While performance and scalability is critical for APAC, high availability is just as important.

"In the enterprise space, you might shoot for 99.999 per cent availability. We want that too, but for different reasons," O'Callaghan said.

"The difference with our systems is that we run very large jobs that are executed over a large amount of time. We might have a job running across several hundred processors and if we lose a processor in that time we could lose the whole job.

"So for us, availability is absolutely imperative or it means we're running all these massive jobs again and again."

It would be a mistake to think that achieving the kind of scale and the level of availability that APAC is able to achieve is just a result of advanced hardware though. While, a system must achieve balance between its hardware components, software is just as crucial in the overall technology solution.

"One of the major issues in high-performance computing is the robustness of the overall software solution and its ability to handle problems," O'Callaghan said.

"It's not an area that is all that well developed in high performance computing, but we need capabilities likes checkpointing and being able to restart jobs, load balancing and so on.

"While these sorts of capabilities are getting much better, there's still a lot of room for improvement."

As well as the underlying operating system and systems management software, the user code or application must also have been designed to make use of the massive multiprocessing capability of APAC's computer system. While intelligent compilers were making this easier, again there was much improvement needed.

O'Callaghan said there were around 20 staff used to run the APAC National Facility. About half of these looked after systems management looking at load balancing issues and how best to assign jobs. The other half were dedicated to supporting users, helping them to design efficient code and looking after any problems they were having.

"It's a very complicated, overall system and you can't just tune one part of it and expect that it's going to make a difference," he said.

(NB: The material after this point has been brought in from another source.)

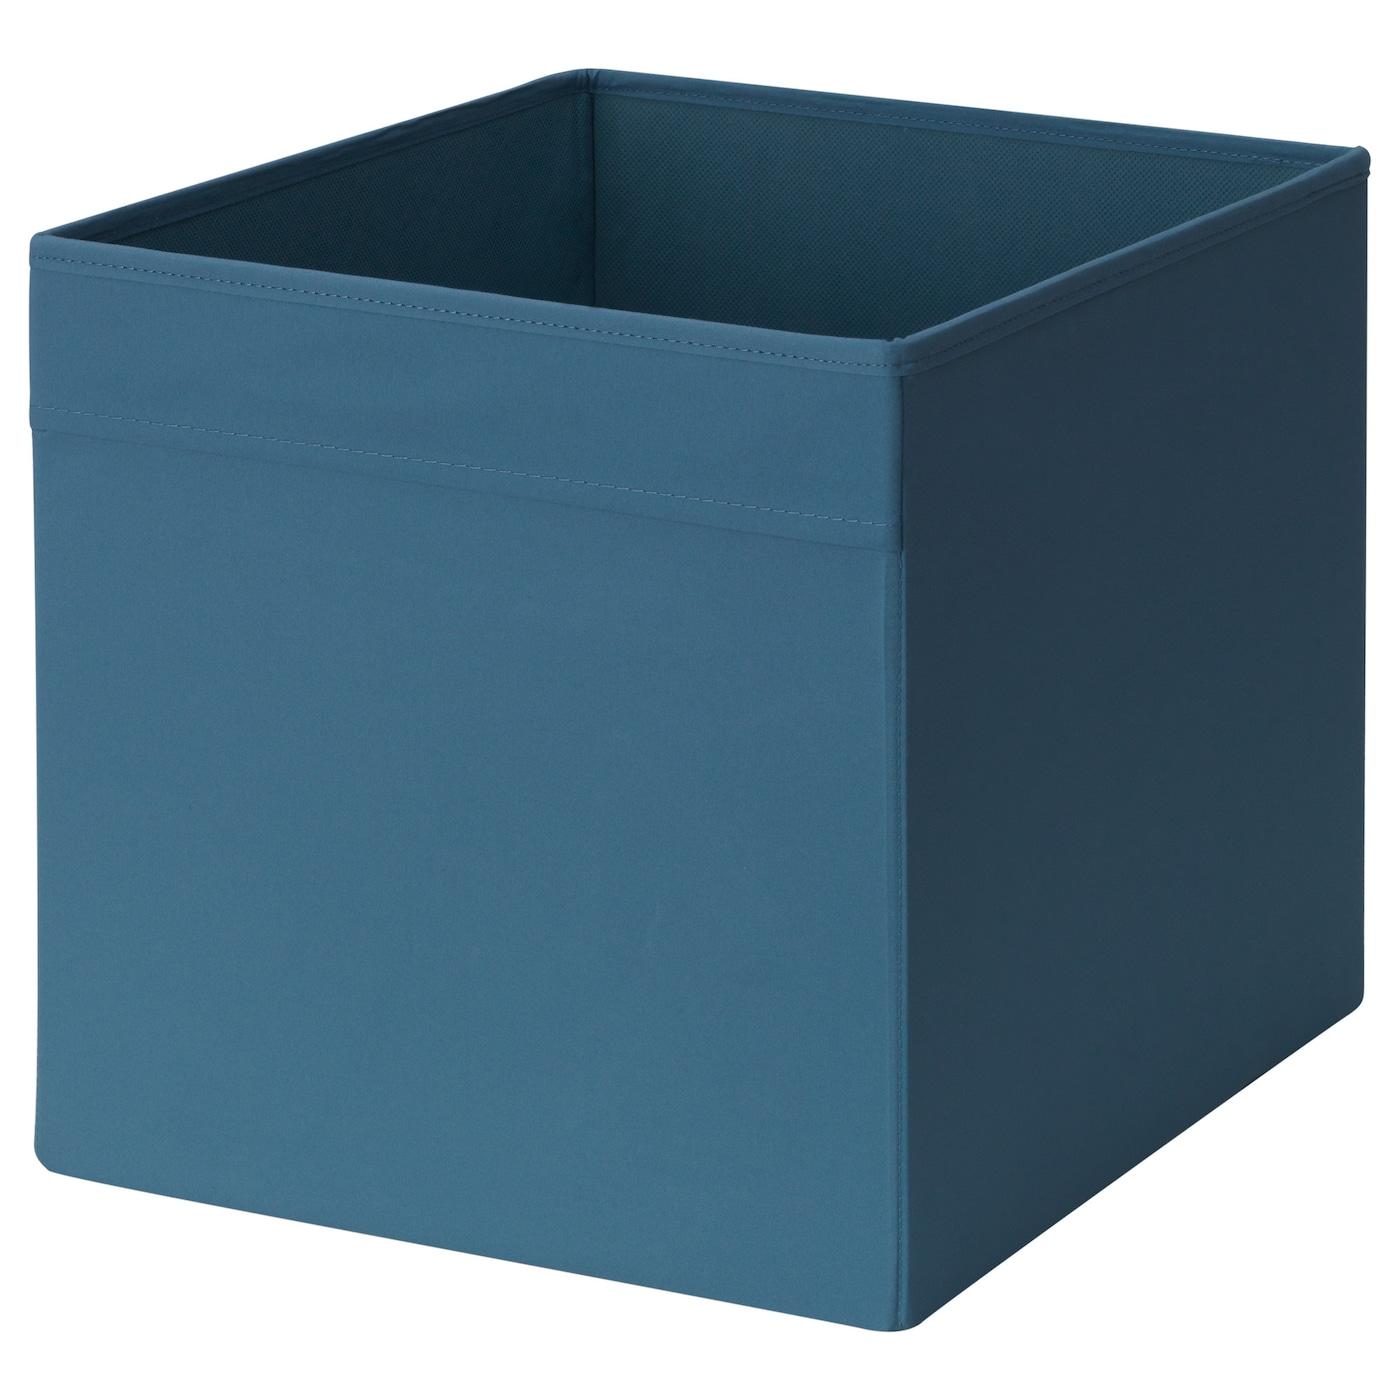 Storage Boxes & Storage Baskets | IKEA
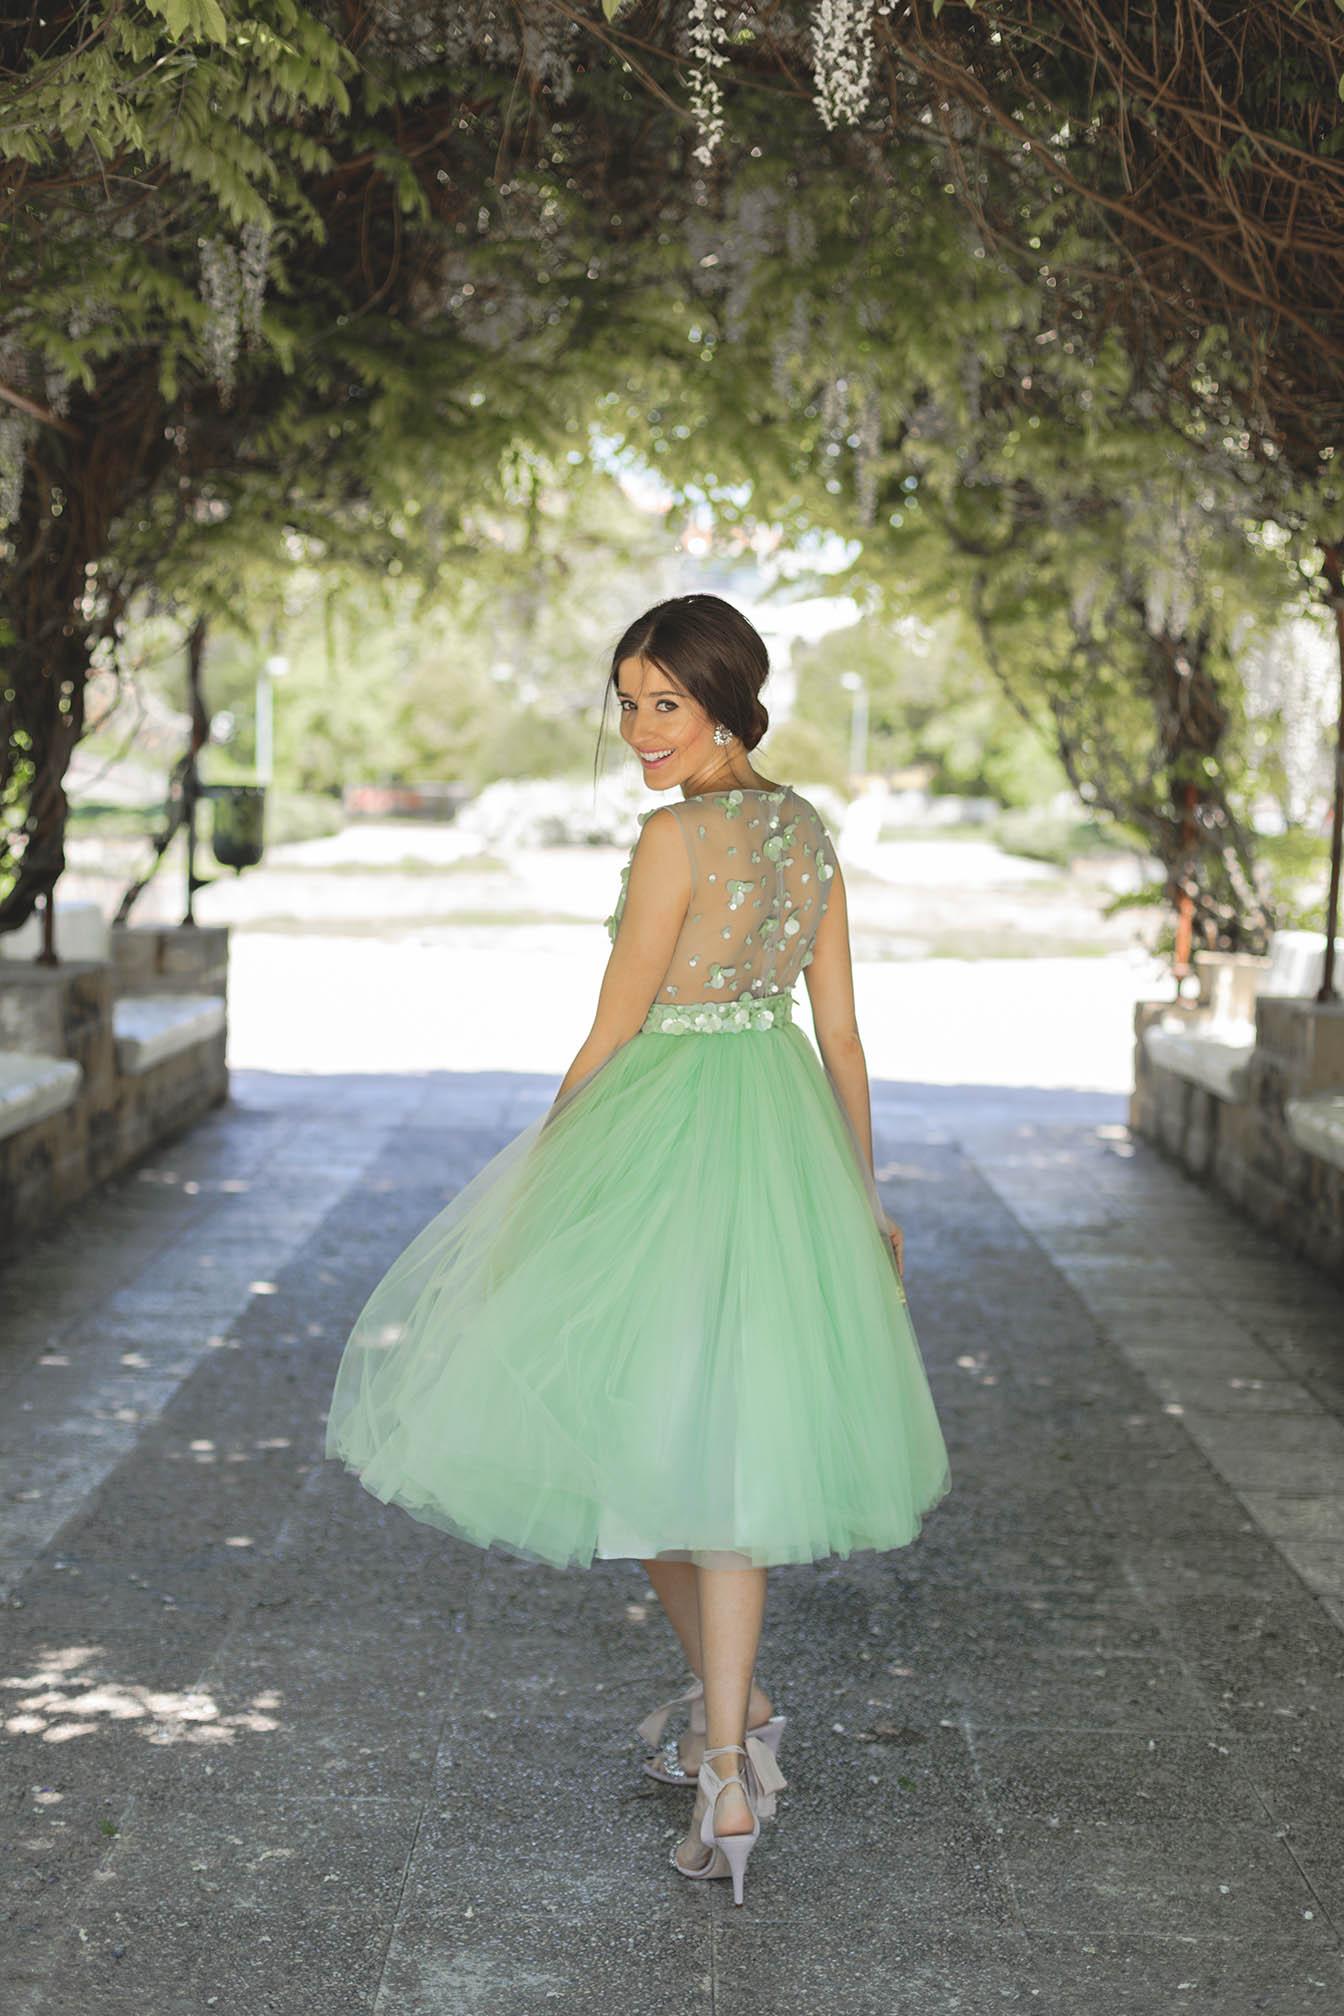 Invitada perfecta 2018 falda vestido tul boda bgo me vestido fiesta mint hermana novia

The next step for advanced computing is to begin linking the world's advanced computing facilities via broadband in order to create virtual super computers.

"The current wave of interest within the research community is this concept of The Grid," said O'Callaghan. "The goal is you can just plug in various computer devices and get access to all these high-performance computer resources and complex applications."

The GrangeNet (Grid and Next Generation Network) consortium, of which APAC is a key member was granted $14 million at the end of May from the Federal Government, in order to build a 2.5Gbit/sec backbone that would link its high performance computing systems in Canberra, Sydney, Melbourne and Brisbane to all of AARNet's Points-of-Presence (POPs).

GrangeNet will be part of the global research and education network and will develop and deploy "grid services" including distributed computing, collaborative visualisation, cooperative environments and digital libraries.

Again, these are the type of applications and advances that the research and scientific communities are pioneering that will more than likely to find their way into the world of enterprise computing, O'Callaghan said. After all, that was how the Internet came to be.